Nano-zero-valent irons (nZVI) have shown great potential to function as universal and low-cost magnetic adsorbents. Yet, the rapid agglomeration and easy surface corrosion of nZVI in solution greatly hinders their overall applicability. Here, carboxylated cellulose nanocrystals (CCNC), widely available from renewable biomass resources, were prepared and applied for the immobilization of nZVI. In doing so, carboxylated cellulose nanocrystals supporting nano-zero-valent irons (CCNC-nZVI) were obtained via an in-situ growth method. The CCNC-nZVI were characterized and then evaluated for their performances in wastewater treatment. The results obtained show that nZVI nanoparticles could attach to the carboxyl and hydroxyl groups of CCNC, and well disperse on the CCNC surface with a size of ~10 nm. With the CCNC acting as corrosion inhibitors improving the reaction activity of nZVI, CCNC-nZVI exhibited an improved dispersion stability and electron utilization efficacy. The Pb(II) adsorption capacity of CCNC-nZVI reached 509.3 mg·g^–1 (298.15 K, pH = 4.0), significantly higher than that of CCNC. The adsorption was a spontaneous exothermic process and could be perfectly fitted by the pseudo-second-order kinetics model. This study may provide a novel and green method for immobilizing magnetic nanomaterials by using biomassbased resources to develop effective bio-adsorbents for wastewater decontamination.

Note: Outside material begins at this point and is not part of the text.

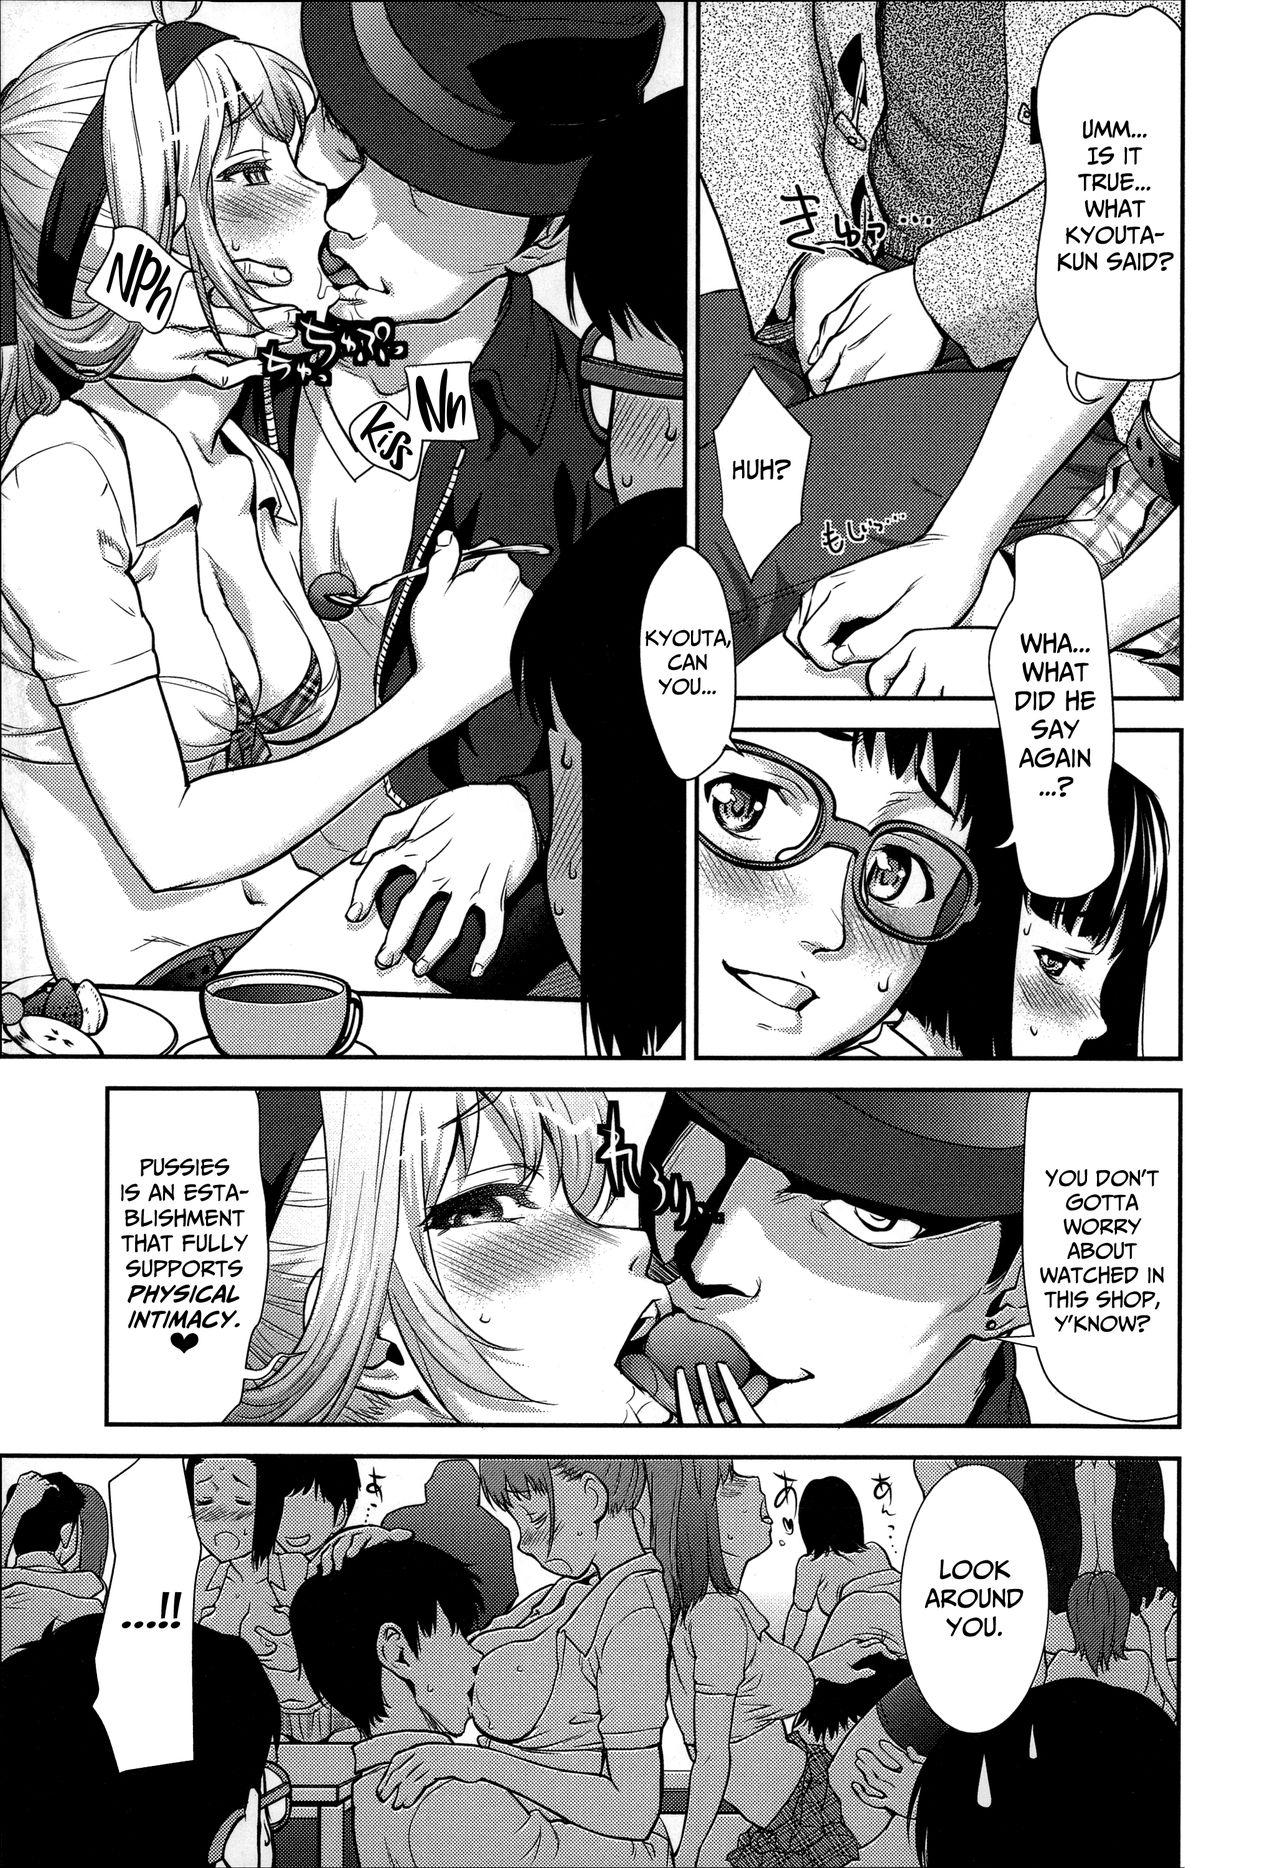 Girl On Girl Pussies e Youkoso! | Welcome to Pussies! Banging - Page 7

纳米零价铁（nZVI）已显示出作为通用和低成本磁性吸附剂的巨大潜力。然而，nZVI在溶液中的快速团聚和容易的表面腐蚀大大阻碍了它们的整体适用性。在这里，制备了可从可再生生物质资源广泛获得的羧化纤维素纳米晶体（CCNC），并将其用于nZVI的固定化。这样，通过原位获得了支持纳米零价铁的羧化纤维素纳米晶体（CCNC-nZVI）生长方法。对CCNC-nZVI进行表征，然后评估其在废水处理中的性能。获得的结果表明，nZVI纳米粒子可以附着在CCNC的羧基和羟基上，并以约10 nm的大小很好地分散在CCNC表面上。CCNC作为腐蚀抑制剂可改善nZVI的反应活性，CCNC-nZVI表现出改善的分散稳定性和电子利用效率。CCNC-nZVI的Pb（II）吸附容量达到509.3 mg·g ^–1（298.15 K，pH = 4.0），明显高于CCNC。吸附是自发的放热过程，可以通过拟二级动力学模型完美拟合。这项研究可以通过使用基于生物质的资源开发用于废水净化的有效生物吸附剂，为固定磁性纳米材料提供一种新颖而绿色的方法。